▶ _Aim of the exercise_
Please reproduce all of the listing below exactly and drop its images.

▶ _Information shown_
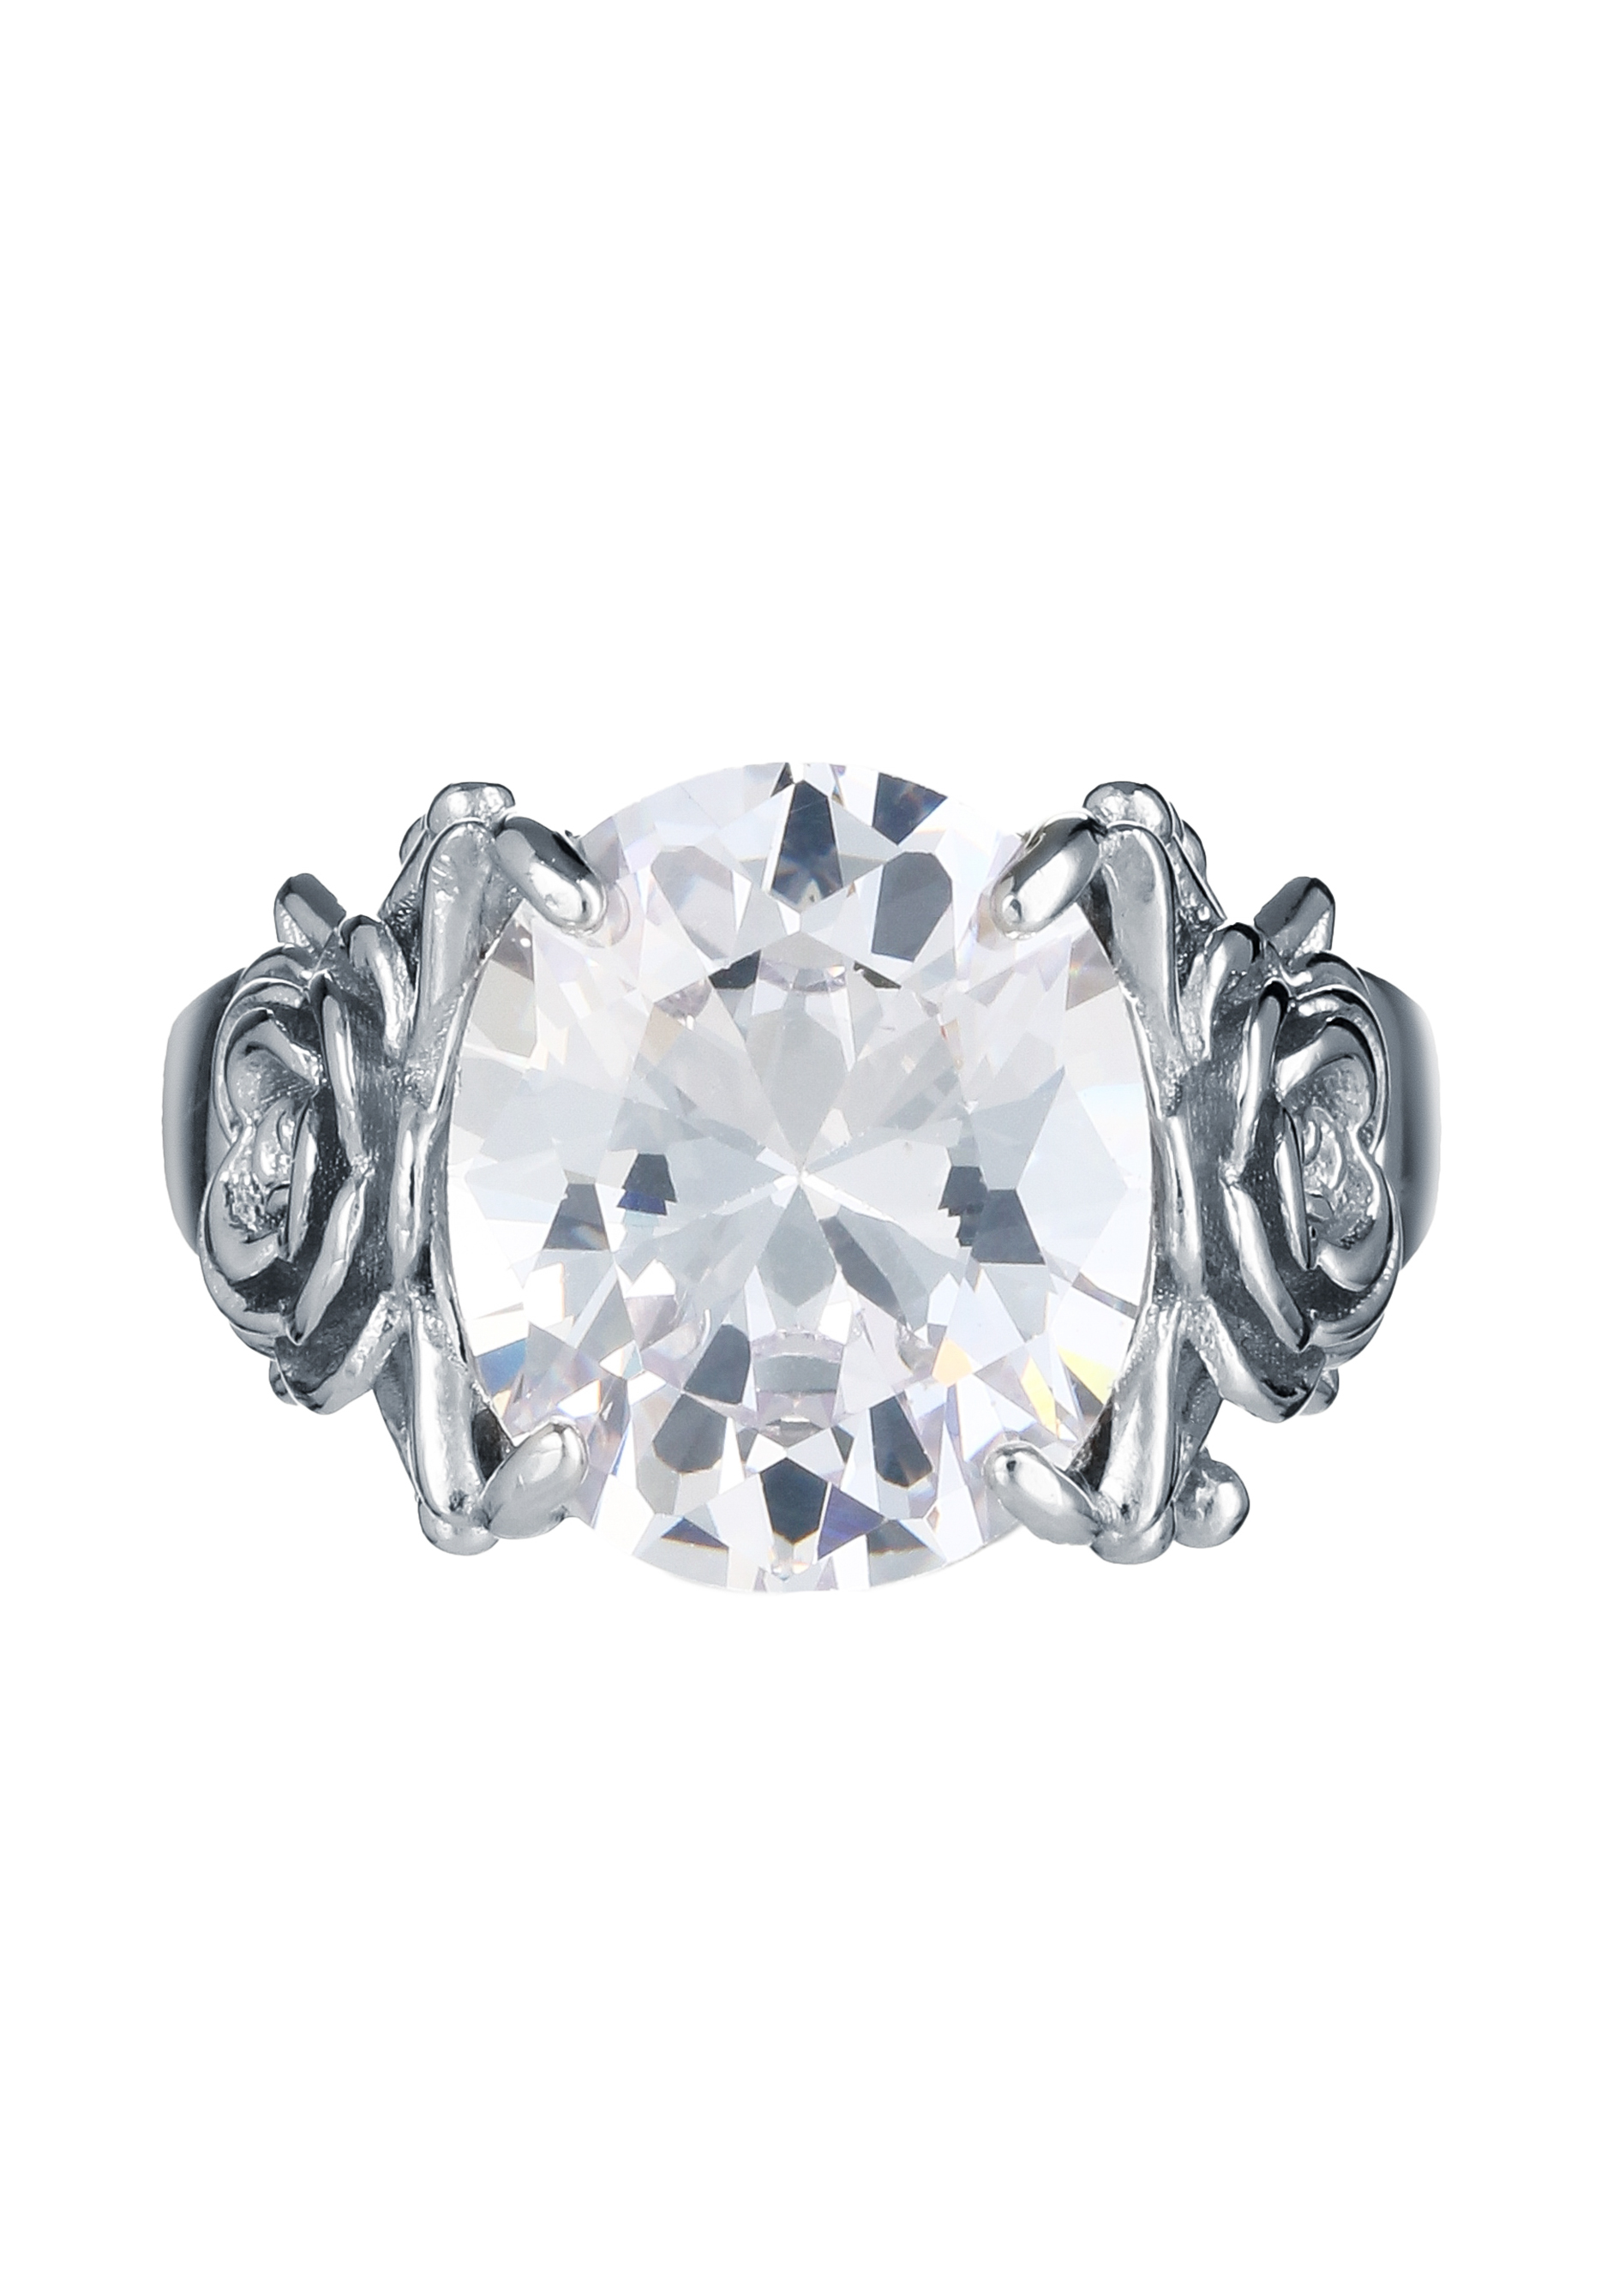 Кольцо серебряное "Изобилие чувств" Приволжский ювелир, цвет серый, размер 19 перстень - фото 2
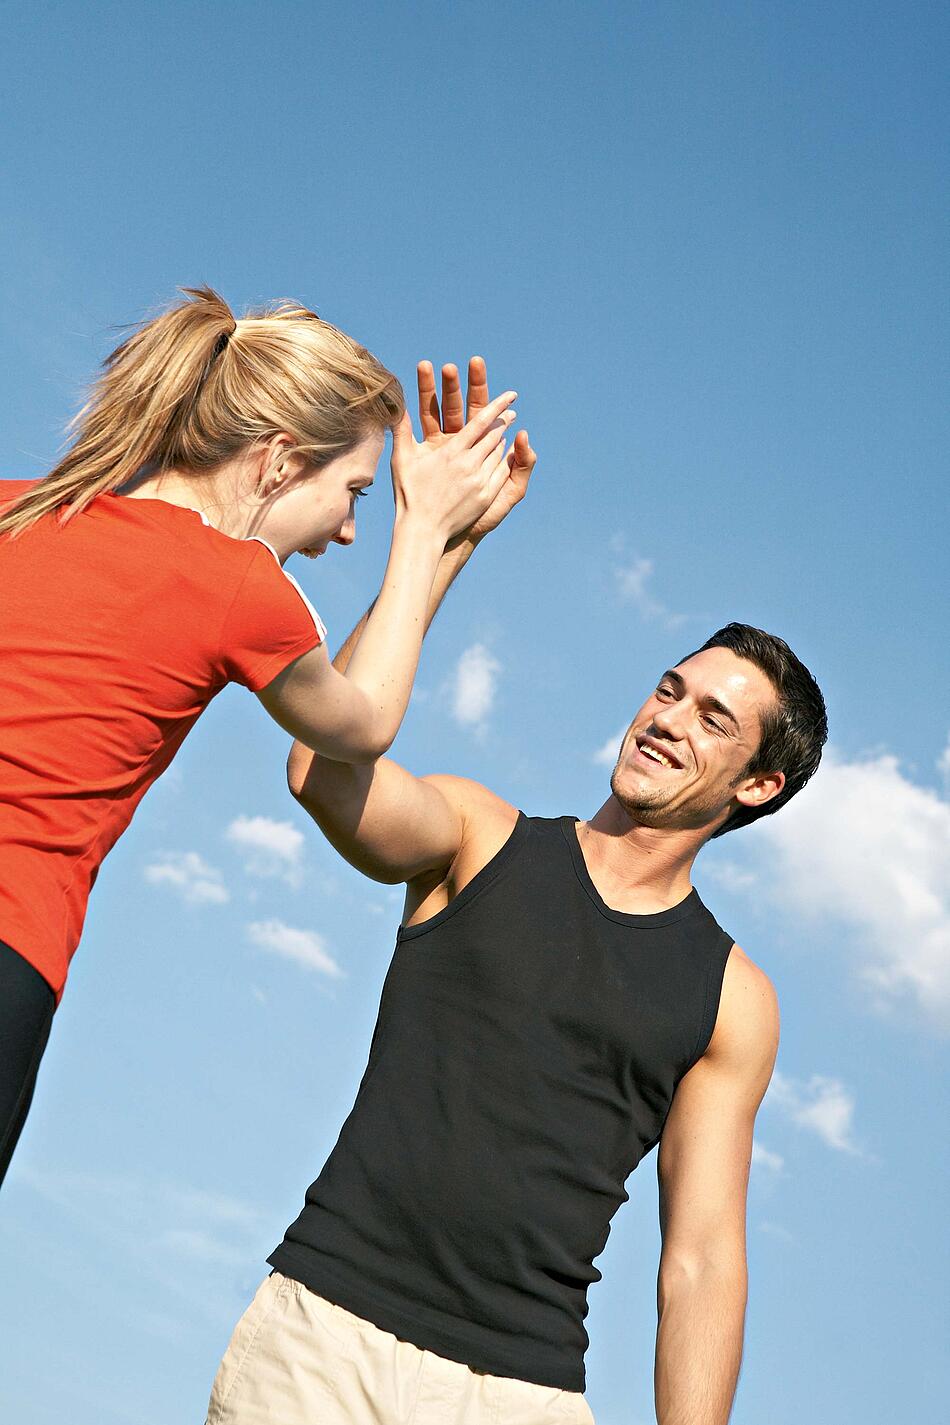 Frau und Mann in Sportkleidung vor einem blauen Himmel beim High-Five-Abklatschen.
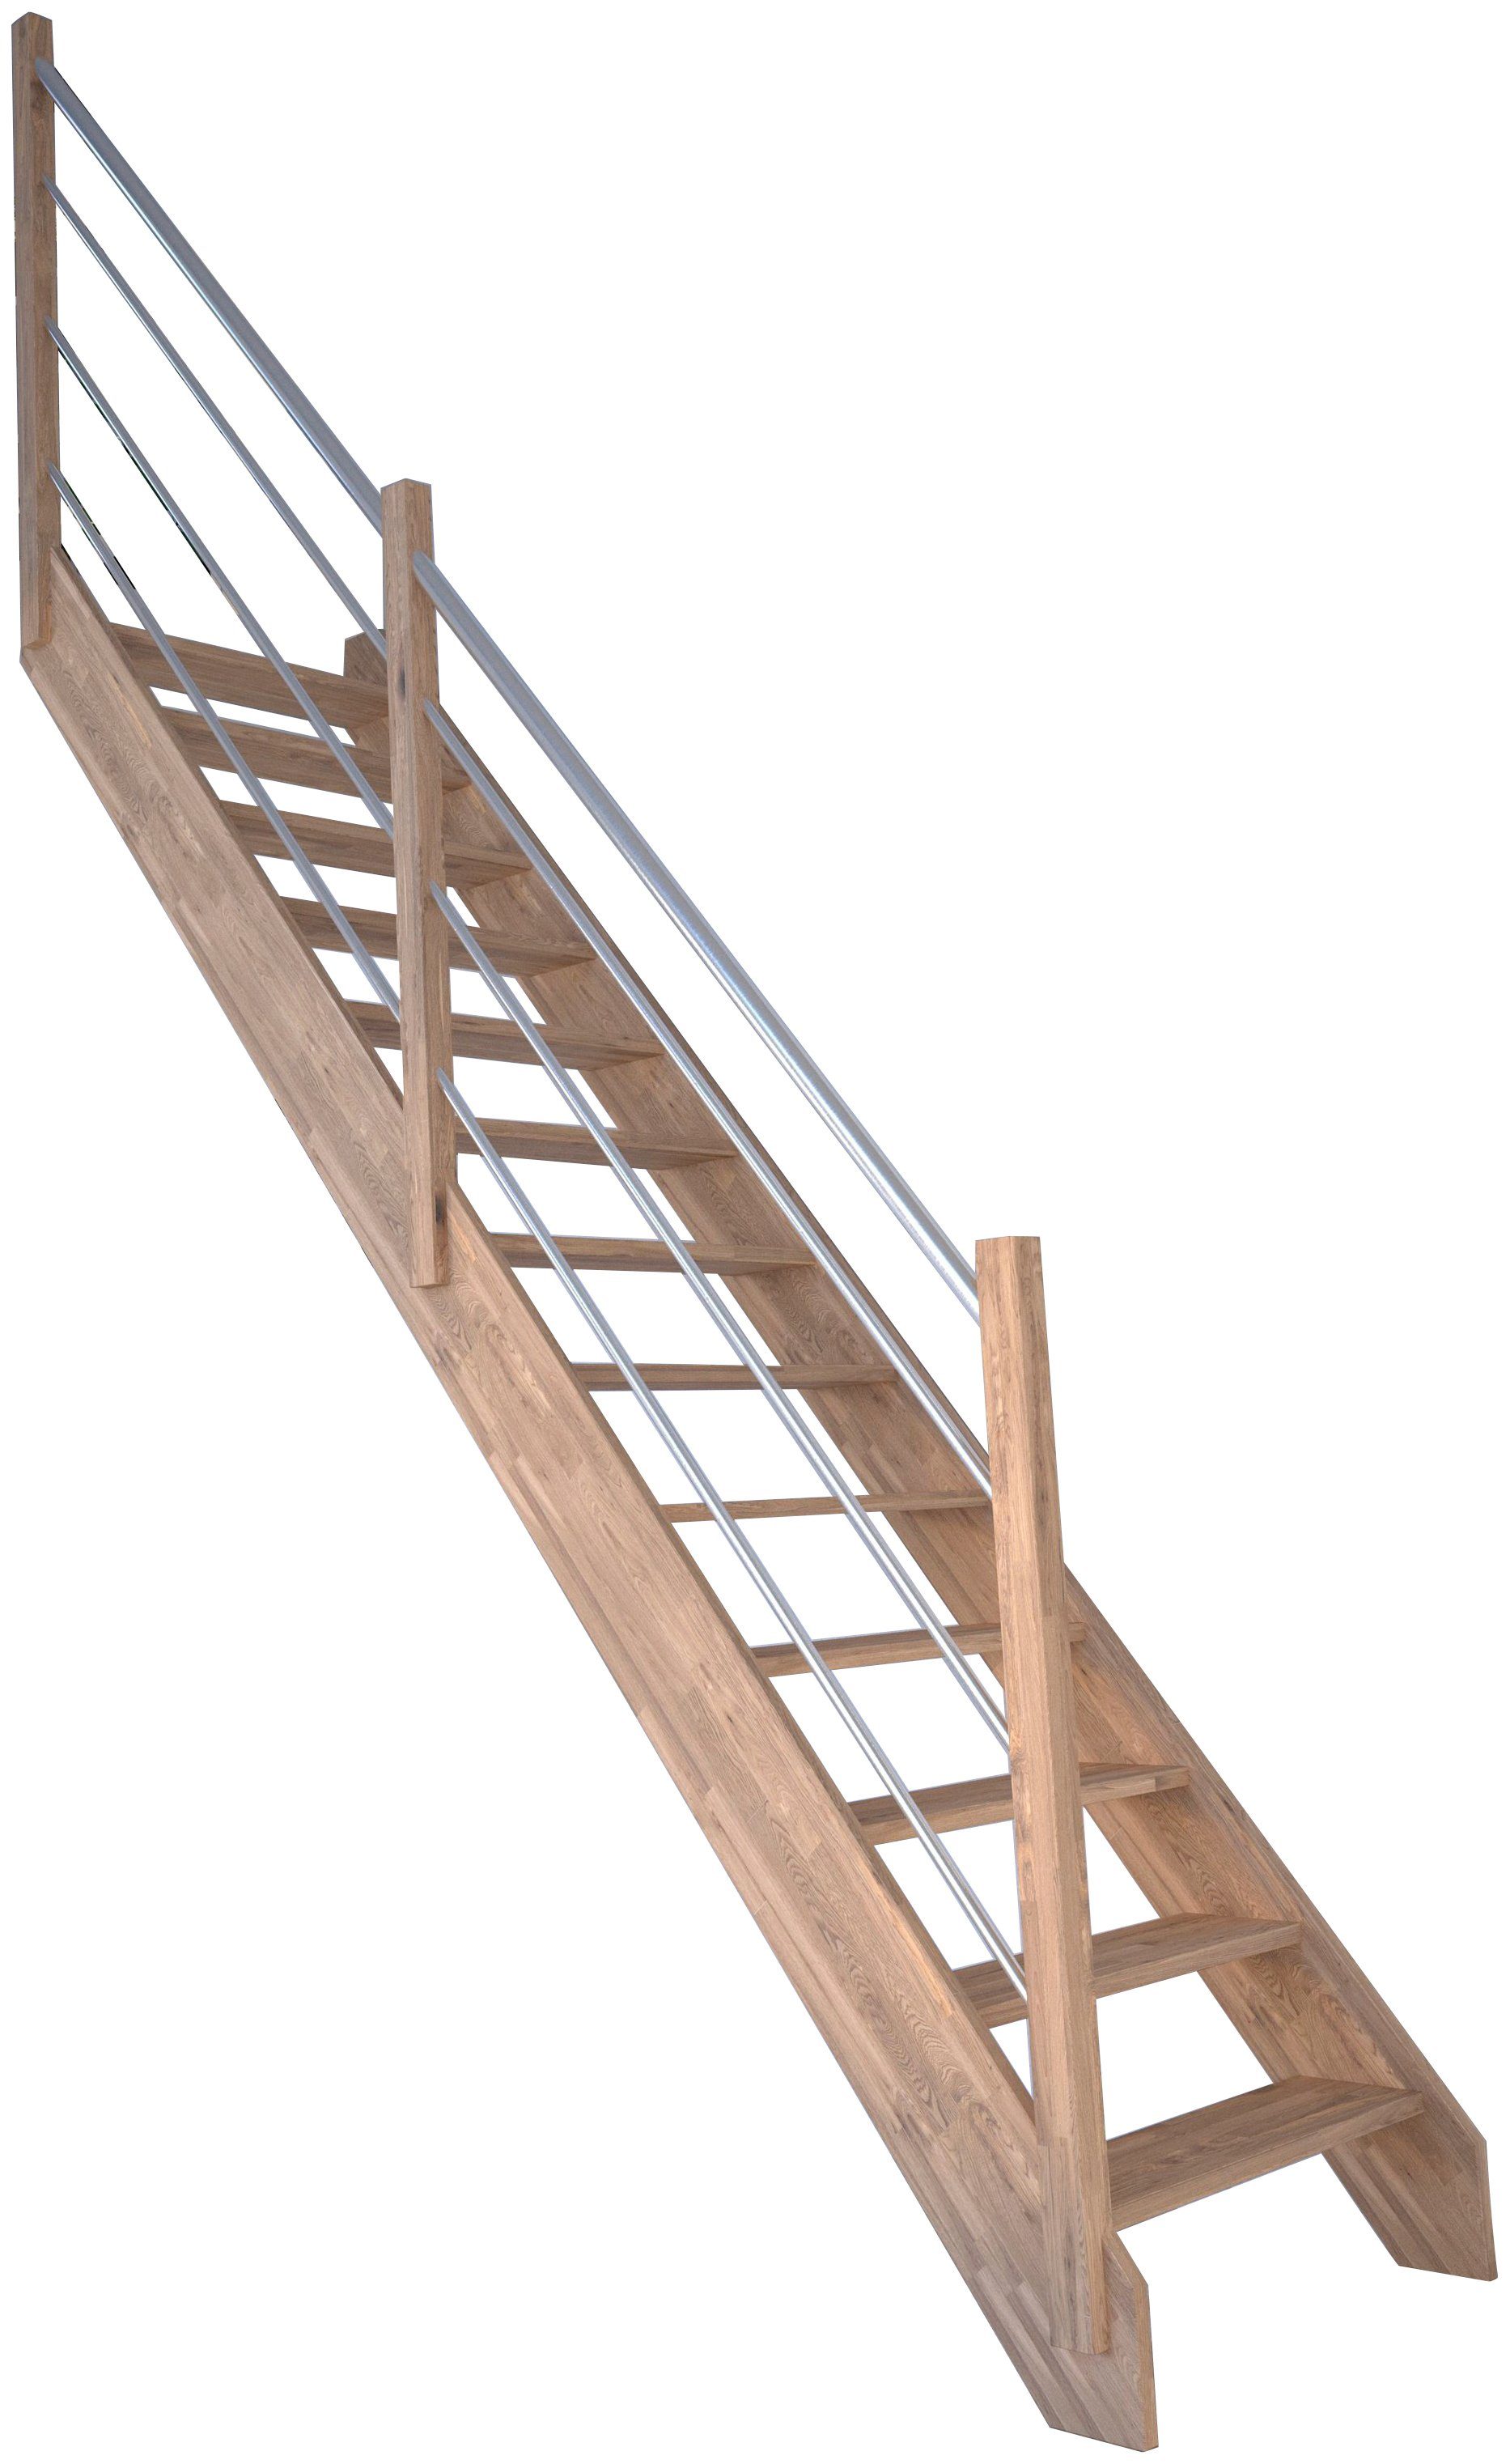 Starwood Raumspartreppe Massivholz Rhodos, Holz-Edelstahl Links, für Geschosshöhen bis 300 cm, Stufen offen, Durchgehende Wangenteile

▶ _Expected answer_
 Кольцо серебряное "Изобилие чувств" Приволжский ювелир, цвет серый, размер 19 перстень - фото 2
 Frau und Mann in Sportkleidung vor einem blauen Himmel beim High-Five-Abklatschen.
 Starwood Raumspartreppe Massivholz Rhodos, Holz-Edelstahl Links, für Geschosshöhen bis 300 cm, Stufen offen, Durchgehende Wangenteile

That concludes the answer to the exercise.